* [What is needed]
After locating the line with "VerkäuferInnen und Führungskräfte" in the entries below, output it and each following line up to and including the line with "Little Cactus Crew Sweater", exactly and without pictures.

* [Supplied data]
**********

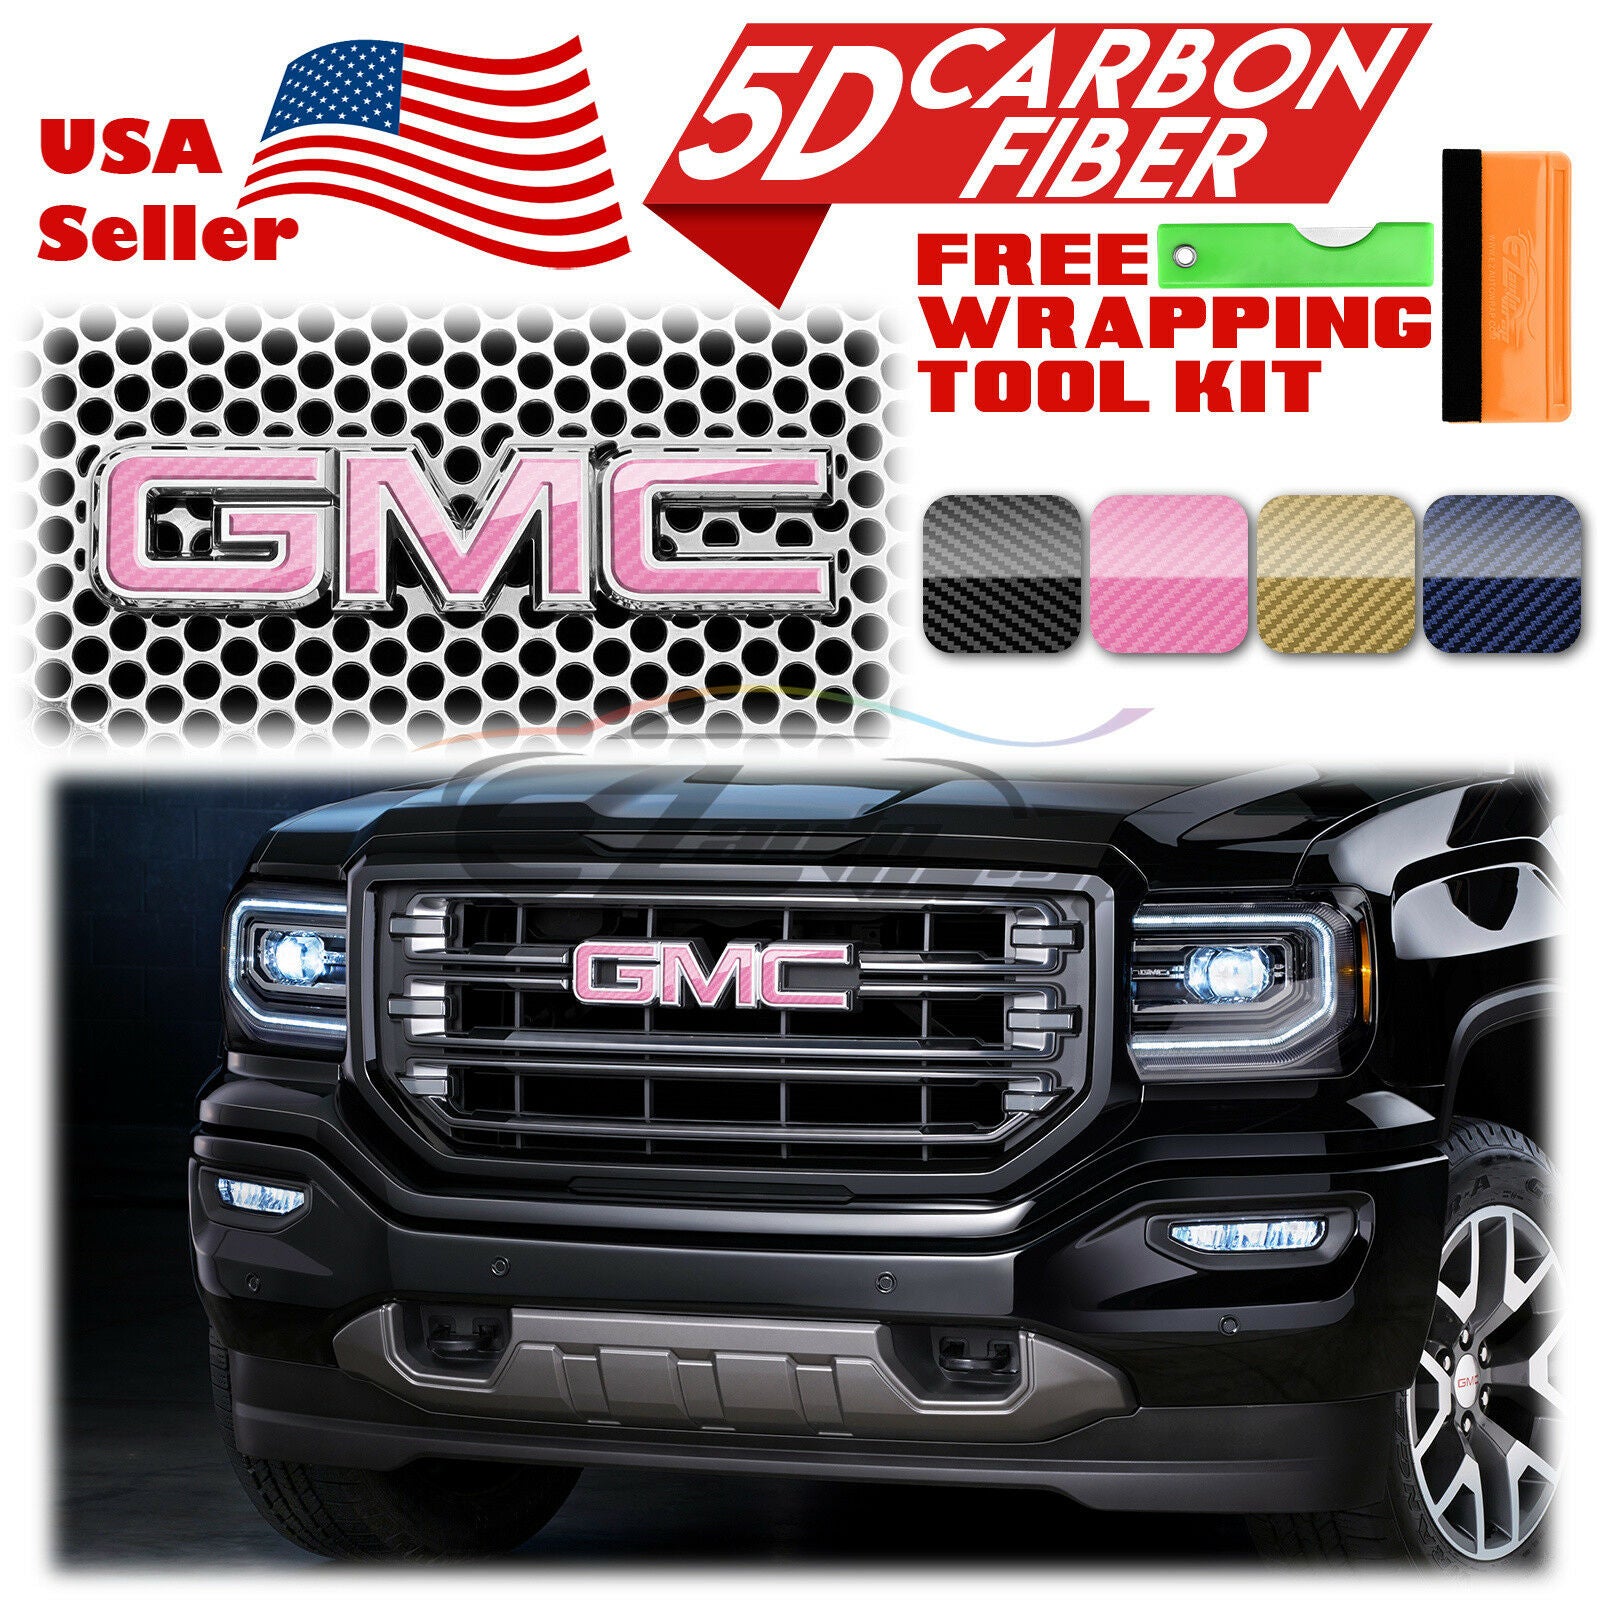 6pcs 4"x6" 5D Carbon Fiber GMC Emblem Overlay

**********

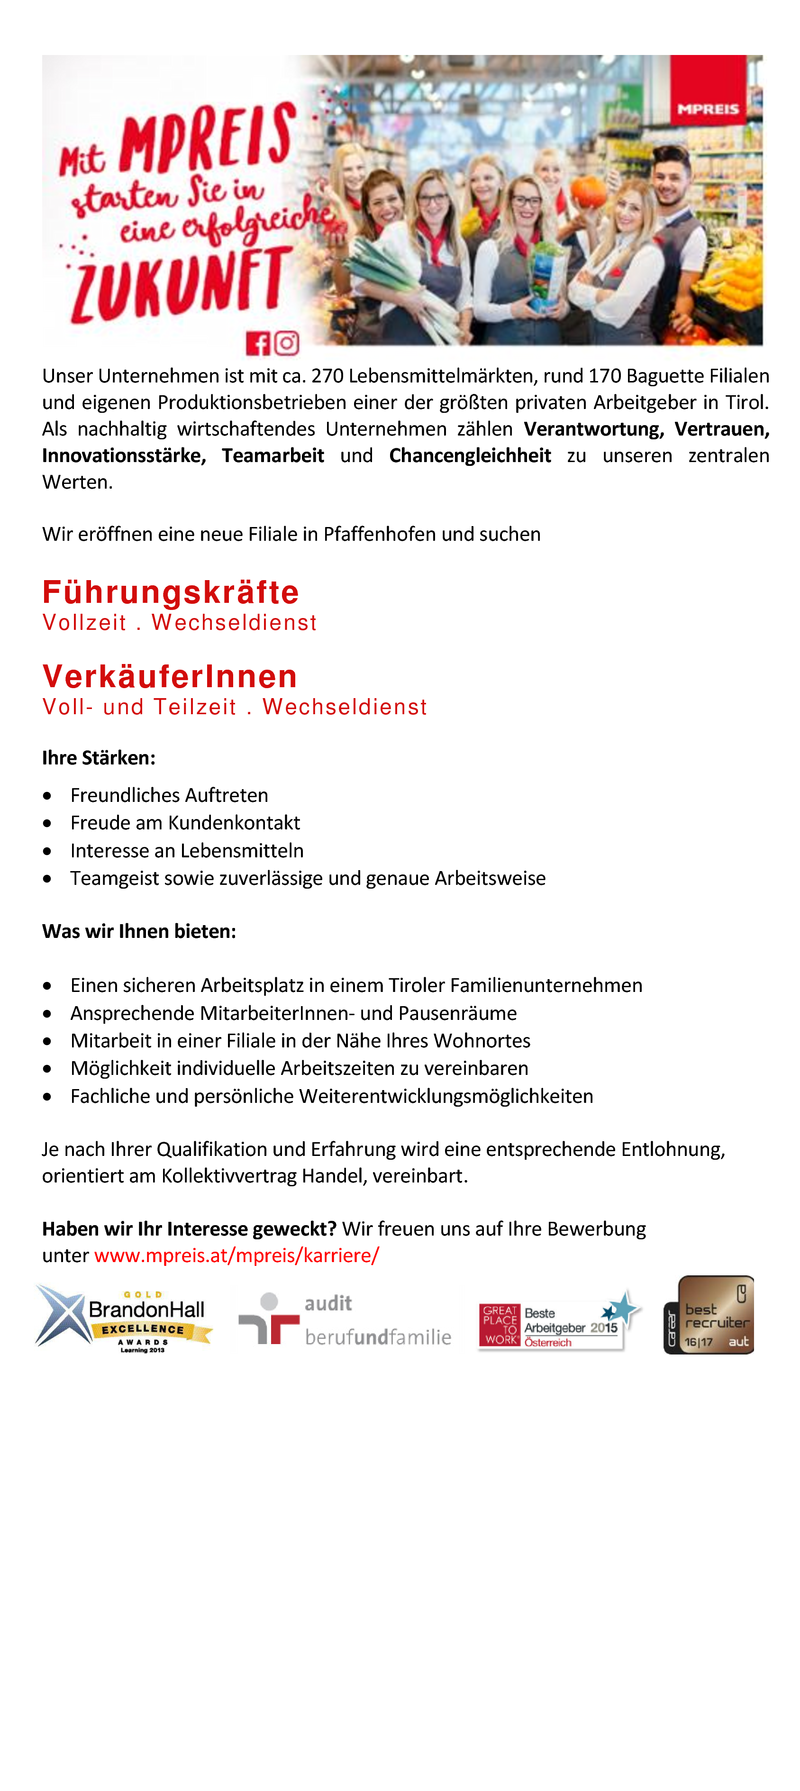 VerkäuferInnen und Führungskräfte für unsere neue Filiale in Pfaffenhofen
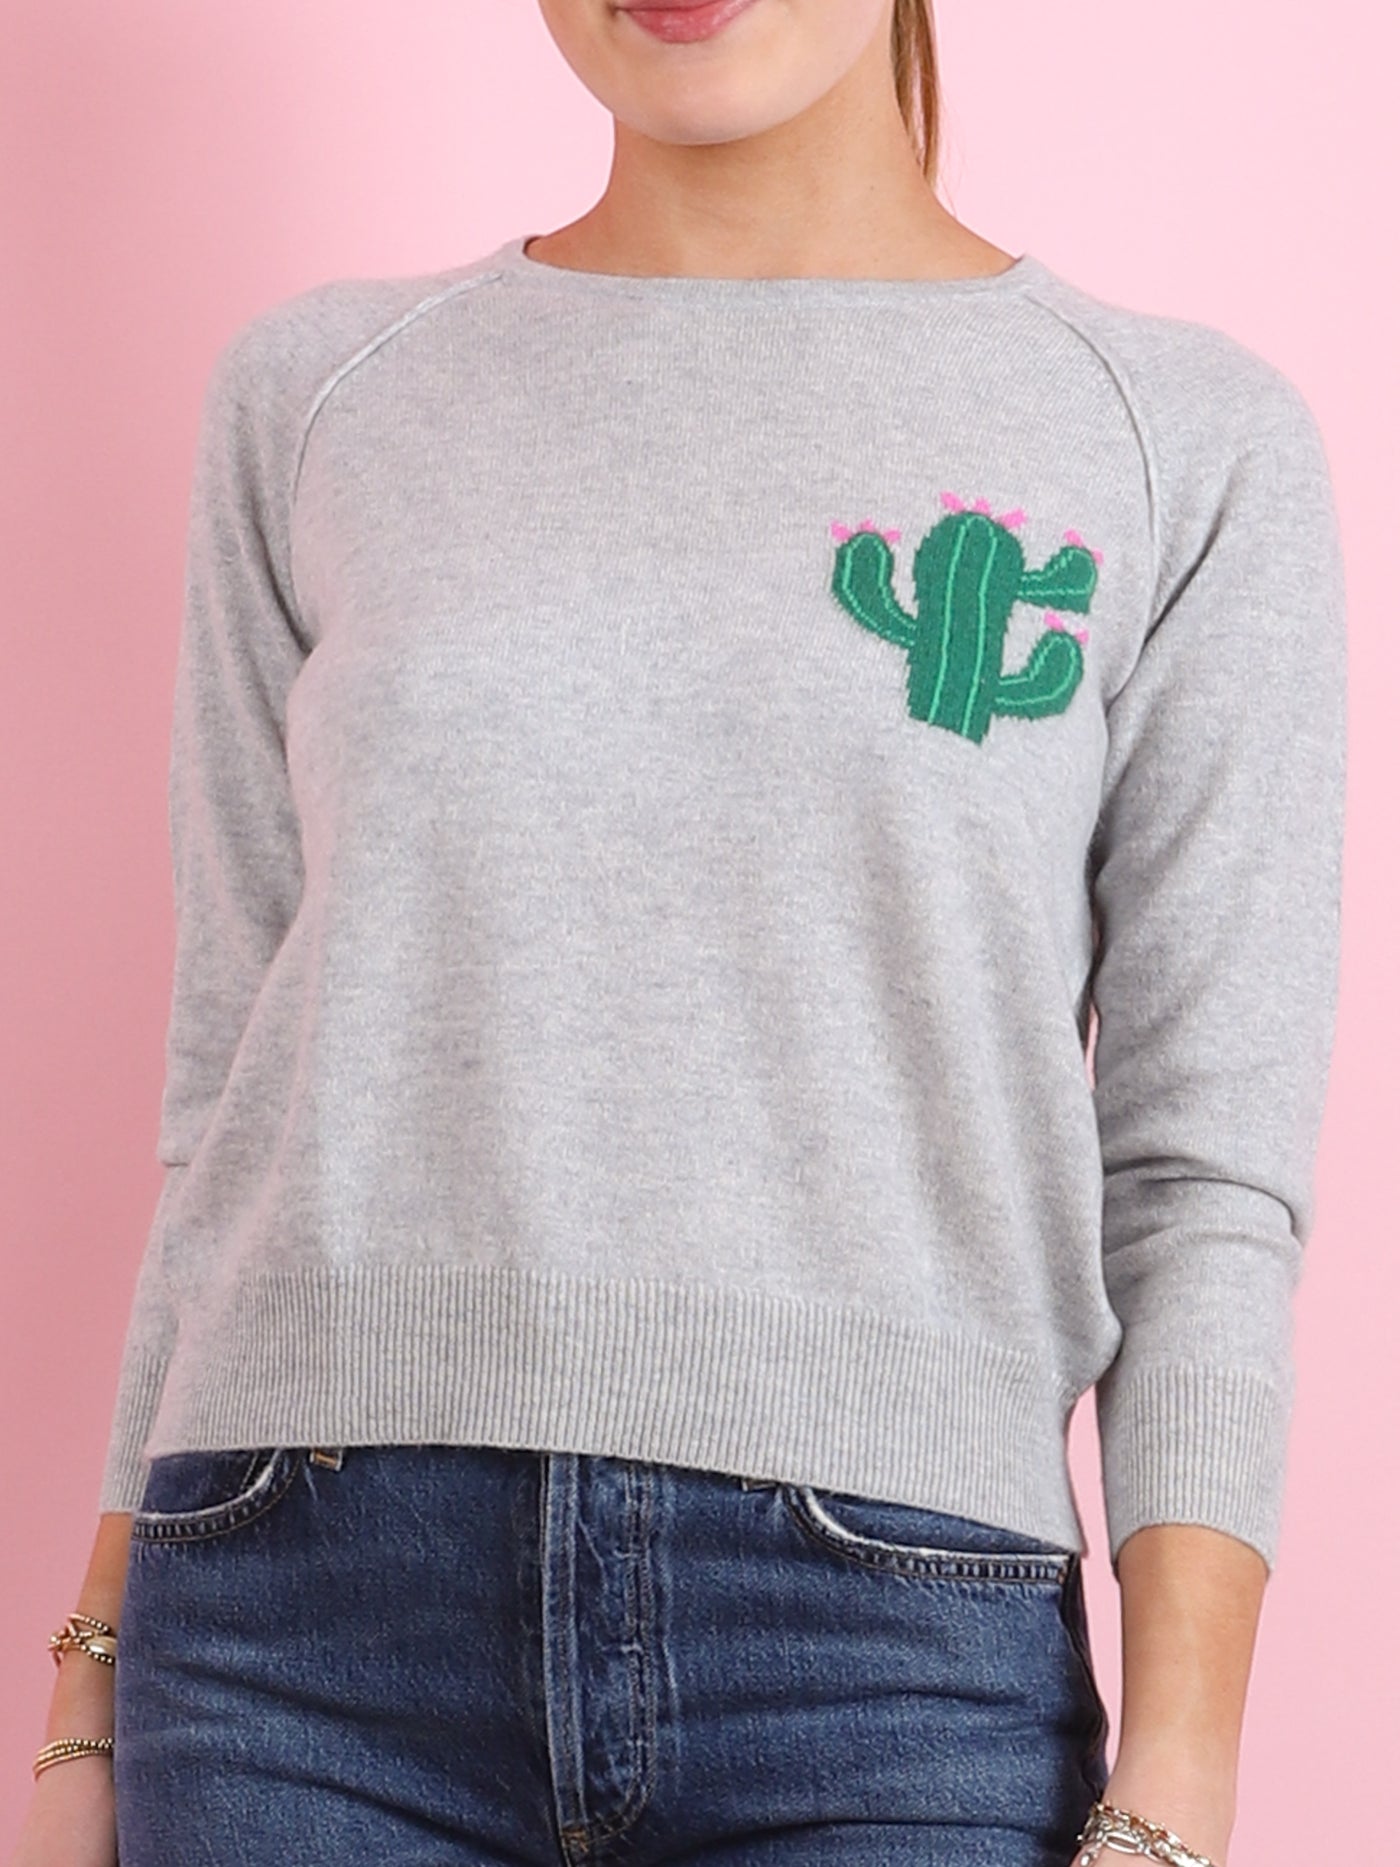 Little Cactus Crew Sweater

**********

* [Task response]
 VerkäuferInnen und Führungskräfte für unsere neue Filiale in Pfaffenhofen
 Little Cactus Crew Sweater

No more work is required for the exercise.